An affidavit stating that a woman had observed her boyfriend “with other stolen property in his possession” lacked necessary specific detail such as when the conduct took place or what items she had observed, and a Norfolk Circuit Court suppresses the evidence seized from defendant’s home.

The affidavit in the instant case offers no clue as to when defendant’s girlfriend observed stolen property in his residence. The court is mindful that the magistrate might in some case have sufficient information from which to infer that the activity described occurred recently, even without a specific reference to time; but this is not such a case. If, for example, the girlfriend had stated that she observed other stolen televisions in defendant’s house when she was picking up the television that became the subject of her arrest, the magistrate could have determined from the date of the theft that her observation happened within the previous month. No basis for any such inference appears in the affidavit.

Nor does the warrant in this case support any conclusion of ongoing criminal activity at the residence such that some reference to time might be excused.

Because the magistrate in the instant case had no information about when the informant allegedly observed stolen property in defendant’s home, he could not have determined the existence of probable cause to search the residence.

The court finds that the magistrate lacked probable cause to issue the warrant, and the warrant is therefore invalid.

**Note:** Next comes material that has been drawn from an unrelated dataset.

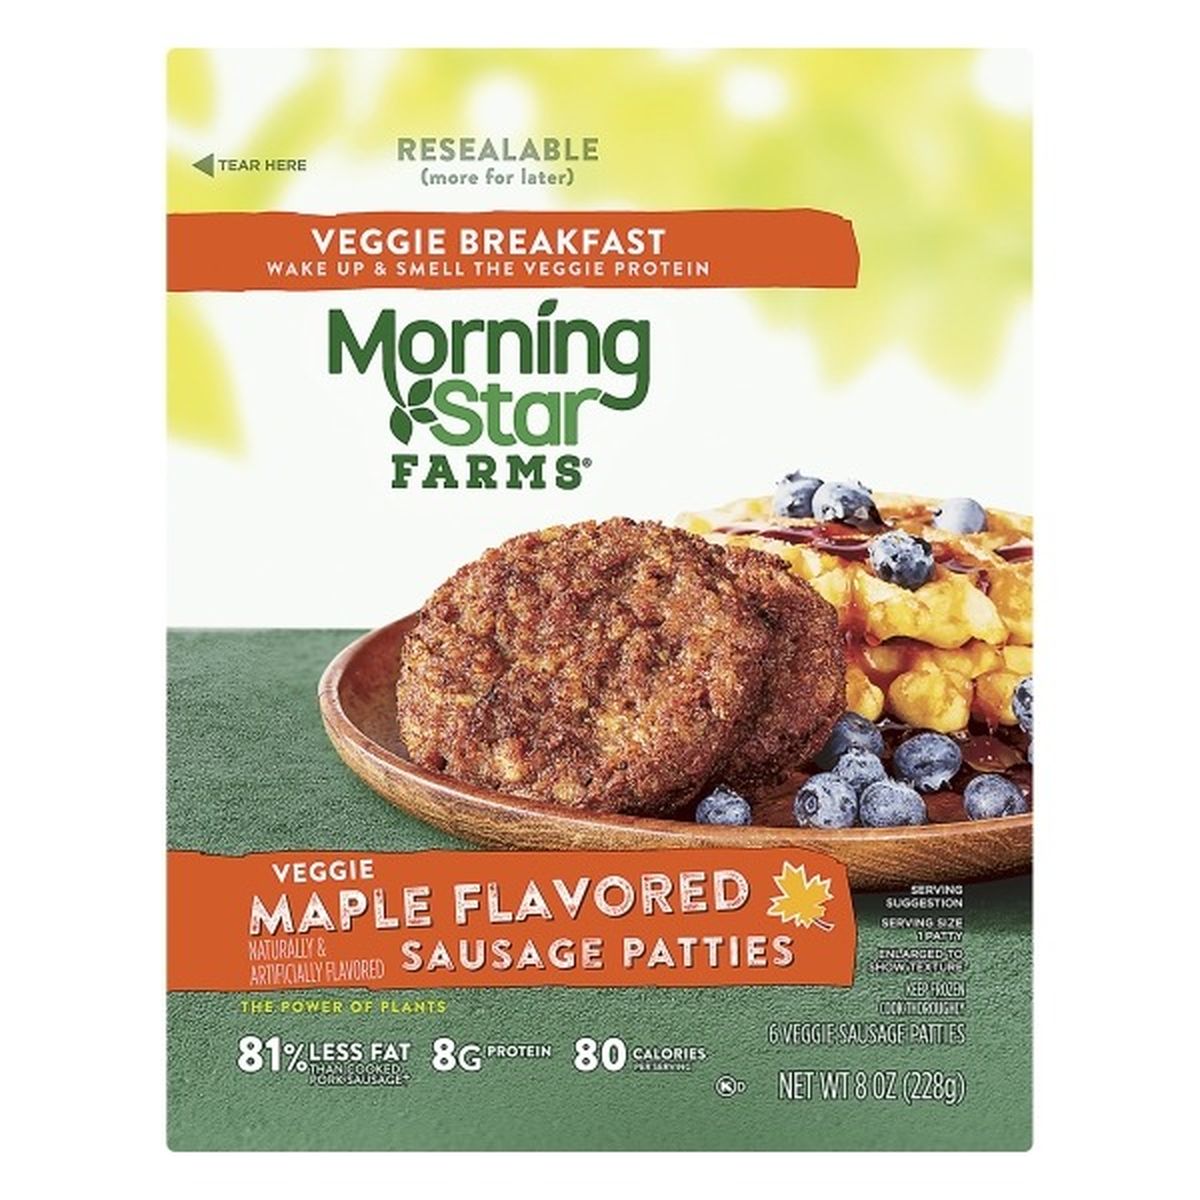 Calories in Morning Star Farms Sausage Patties, Veggie Maple Flavored

The court further finds that the generic description of property included in the warrant at issue violates the particularity requirement of the Virginia Constitution and the Fourth Amendment. The Norfolk police officers executing the warrant to search defendant’s house were instructed to seize “any and all items, instrumentalities pertaining to the crime of larceny” not “larceny from Old Dominion University” or “larceny of television sets,” but simply “the crime of larceny.” The court cannot fathom how any officer would have known what to look for based upon that description. The warrant here did not refer to a “specific” crime or enumerate stolen items.

Finally, the court finds the affidavit was so lacking in indicia of probable cause, with no reference to what specific items of stolen property the girlfriend observed, when she observed them, or how she knew that they were stolen, that the executing officer (who was also the affiant) could not have concluded that probable cause existed. Further, the complete lack of any particularity in the description of the items to be seized should have been obvious to an executing officer.

The court holds that the good-faith exception to the exclusionary rule does not apply and will not serve to avoid suppression in this case.

Commonwealth v. Fuller (Hall, J.) No. CR 09-1171, June 17, 2009; Norfolk Cir.Ct.; Donald Harris, Ass’t Comm. Att’y; Joseph A. Pennington for defendant. VLW 009-8-130, 7 pp.